--- EXERCISE INPUTS Enclosed Below ---
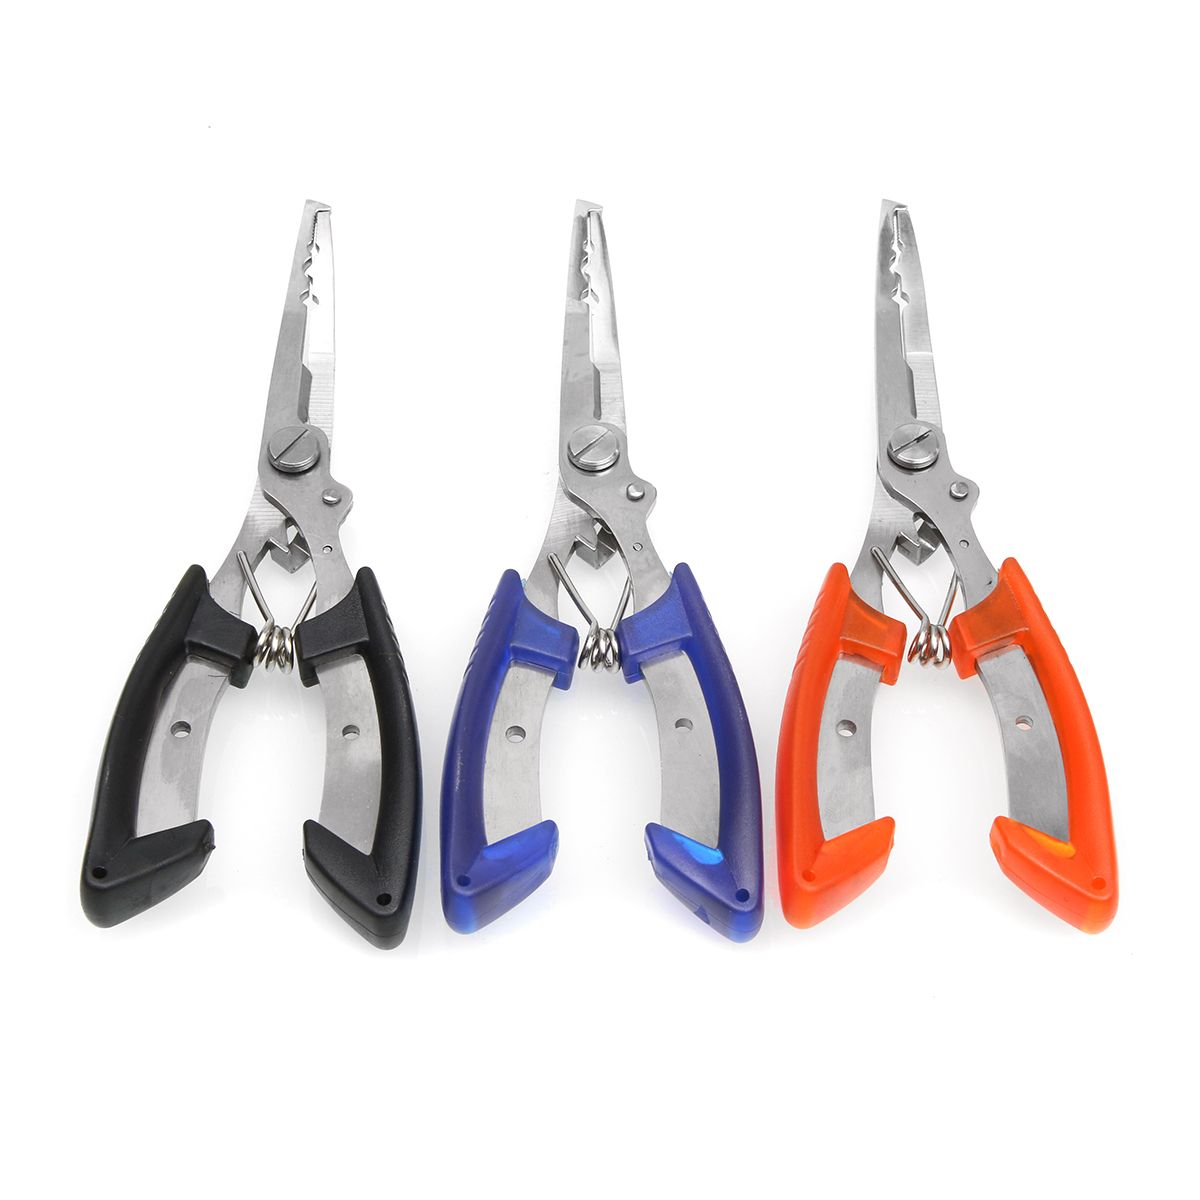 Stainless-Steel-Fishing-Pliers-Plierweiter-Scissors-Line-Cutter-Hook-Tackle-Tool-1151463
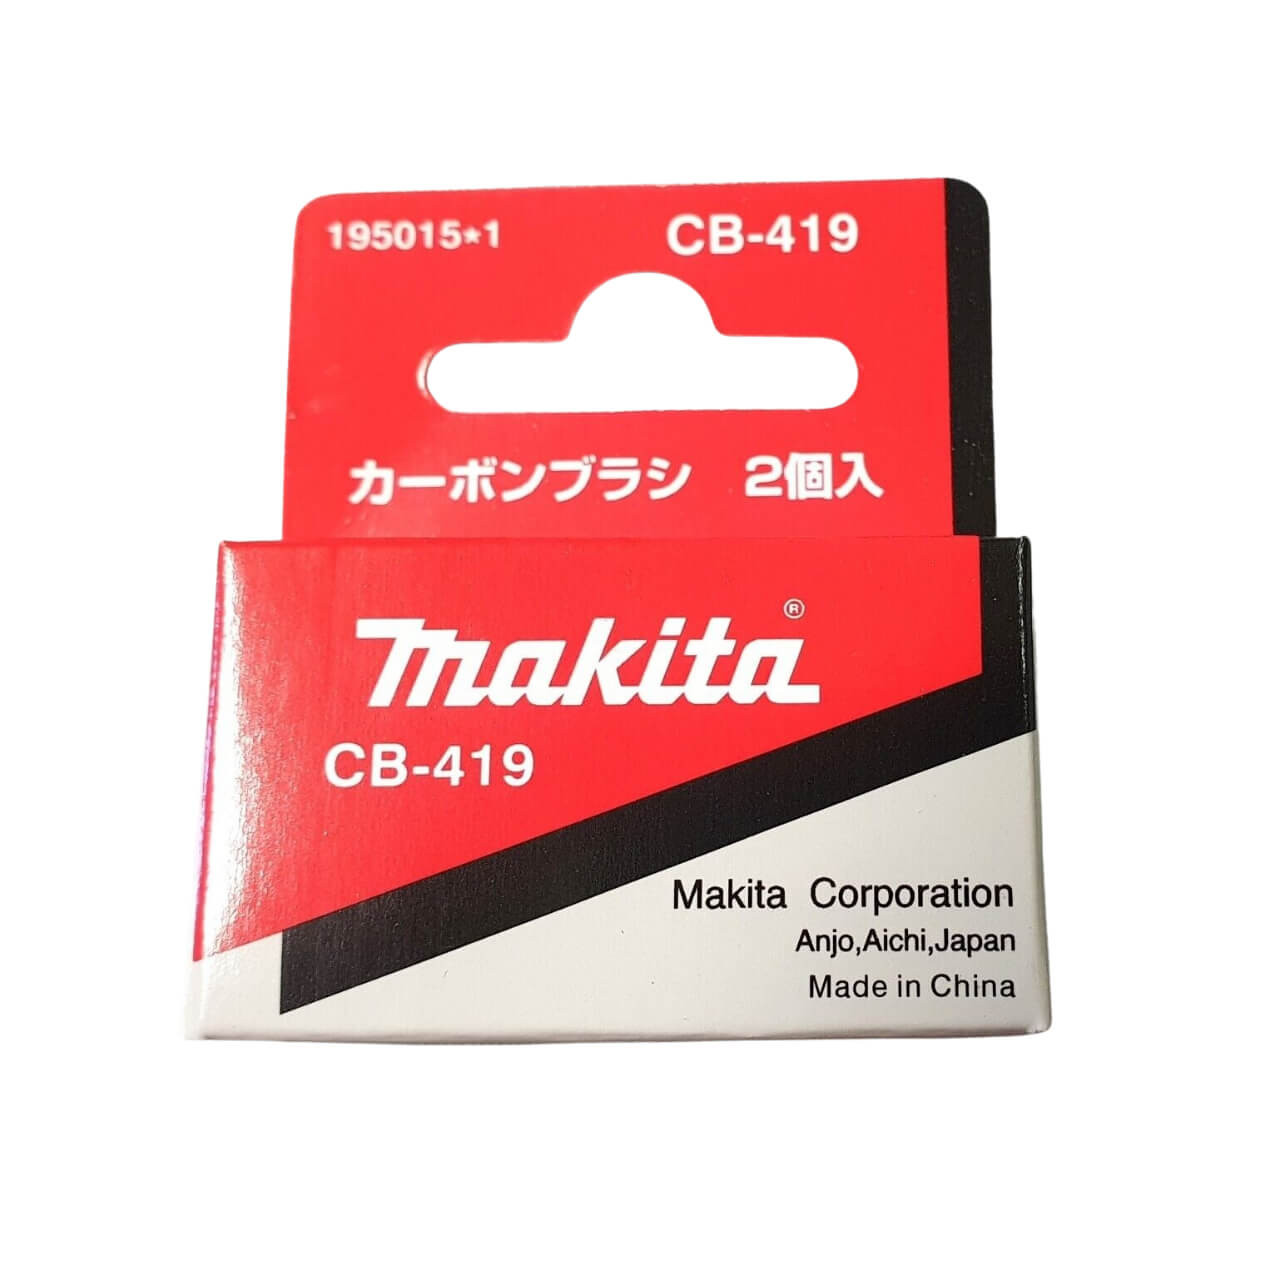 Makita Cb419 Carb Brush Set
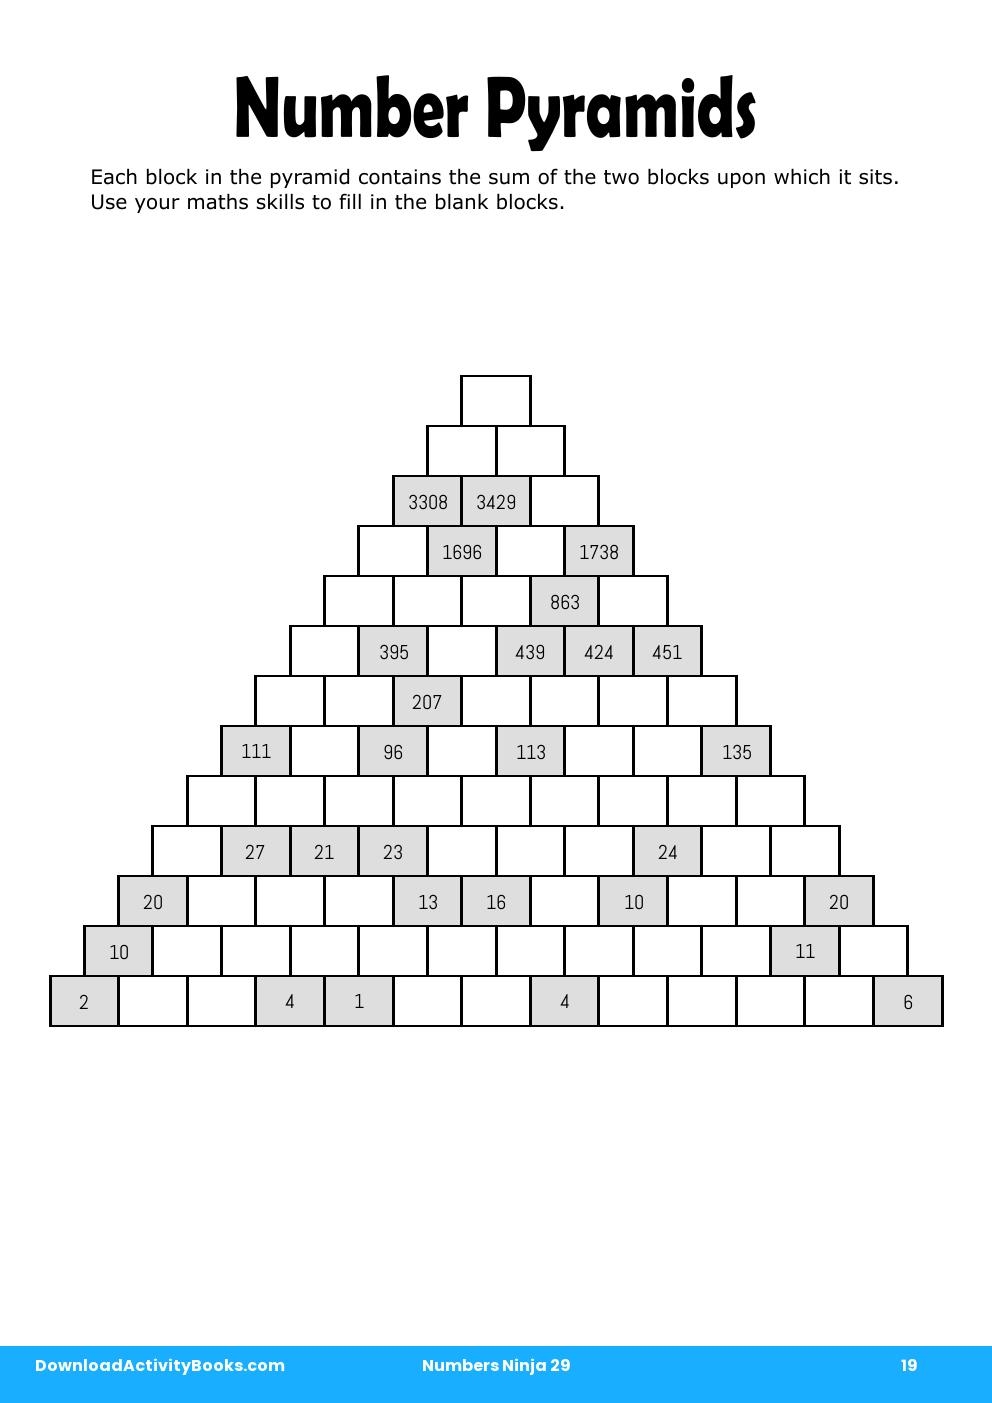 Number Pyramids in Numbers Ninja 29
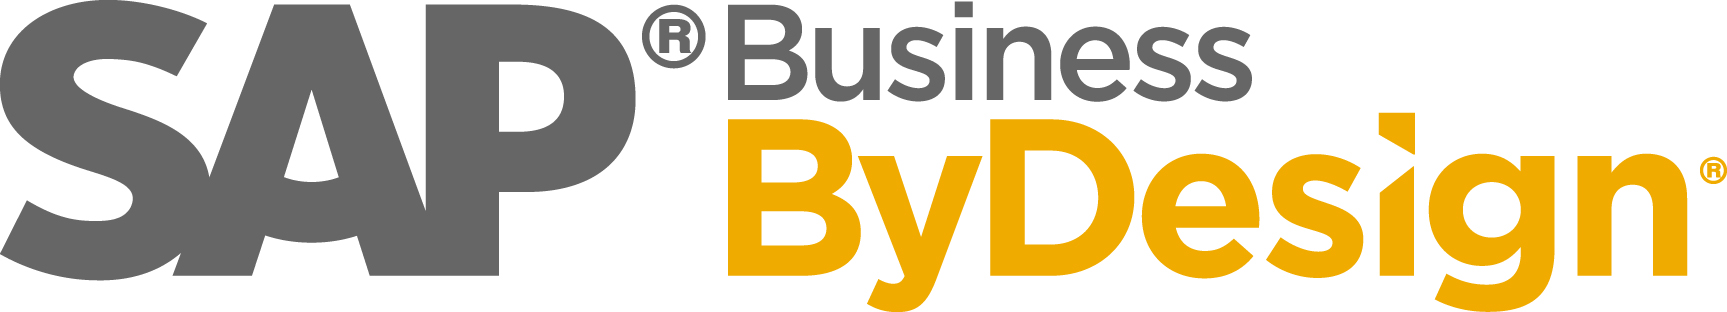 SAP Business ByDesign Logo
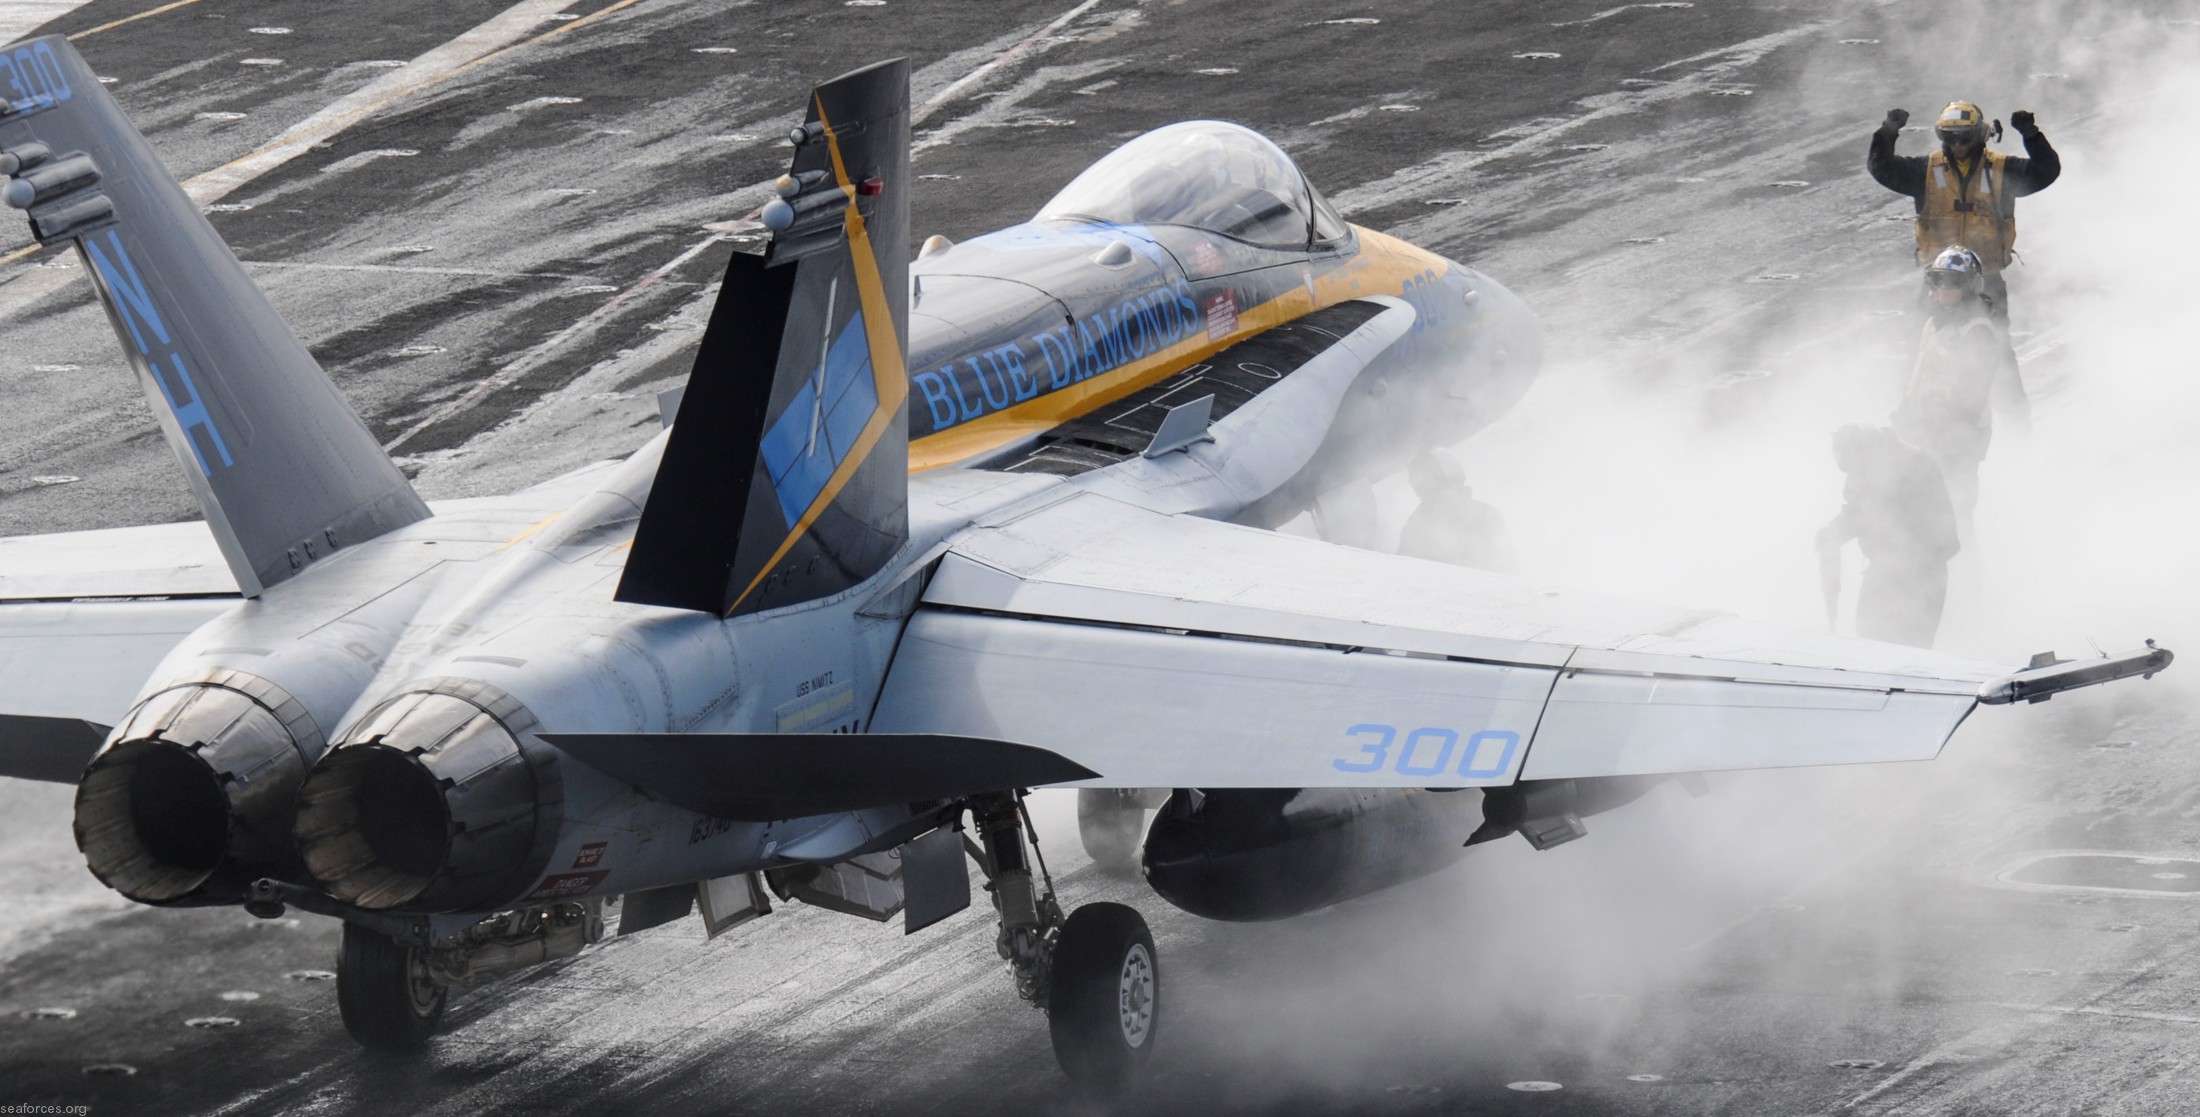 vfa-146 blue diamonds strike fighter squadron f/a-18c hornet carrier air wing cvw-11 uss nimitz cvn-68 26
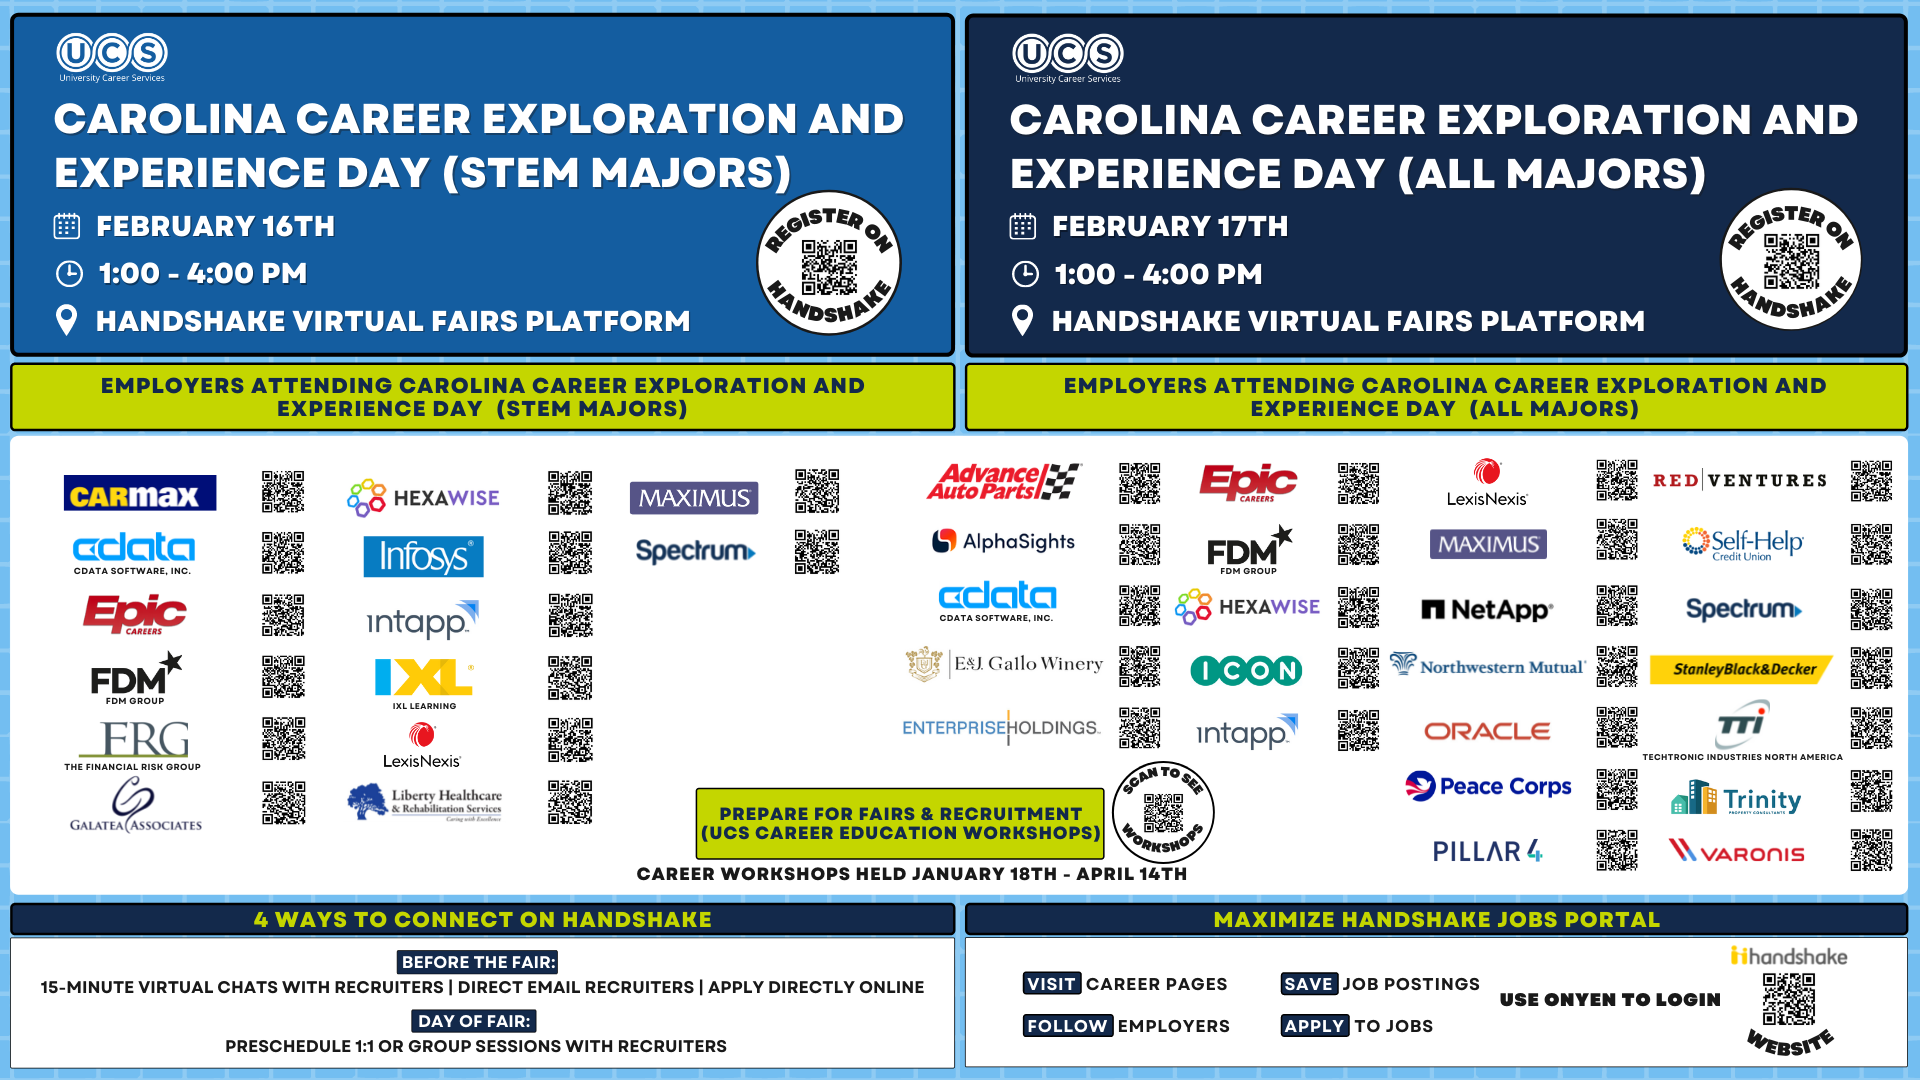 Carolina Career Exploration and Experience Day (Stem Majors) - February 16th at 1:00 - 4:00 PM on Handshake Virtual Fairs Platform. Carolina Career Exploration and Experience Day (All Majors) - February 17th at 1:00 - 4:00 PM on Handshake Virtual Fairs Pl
--- End of Enclosed EXERCISE INPUTS ---
WHAT THIS TASK INVOLVES:
Print exactly the lines between the line containing "Makita Cb419 Carb Brush Set" and the last line of the entries above, including both, and nothing besides; skip the pictures.

WRITTEN SOLUTION:
 Makita Cb419 Carb Brush Set
 Number Pyramids in Numbers Ninja 29
 SAP Business ByDesign Logo
 vfa-146 blue diamonds strike fighter squadron f/a-18c hornet carrier air wing cvw-11 uss nimitz cvn-68 26
 Carolina Career Exploration and Experience Day (Stem Majors) - February 16th at 1:00 - 4:00 PM on Handshake Virtual Fairs Platform. Carolina Career Exploration and Experience Day (All Majors) - February 17th at 1:00 - 4:00 PM on Handshake Virtual Fairs Pl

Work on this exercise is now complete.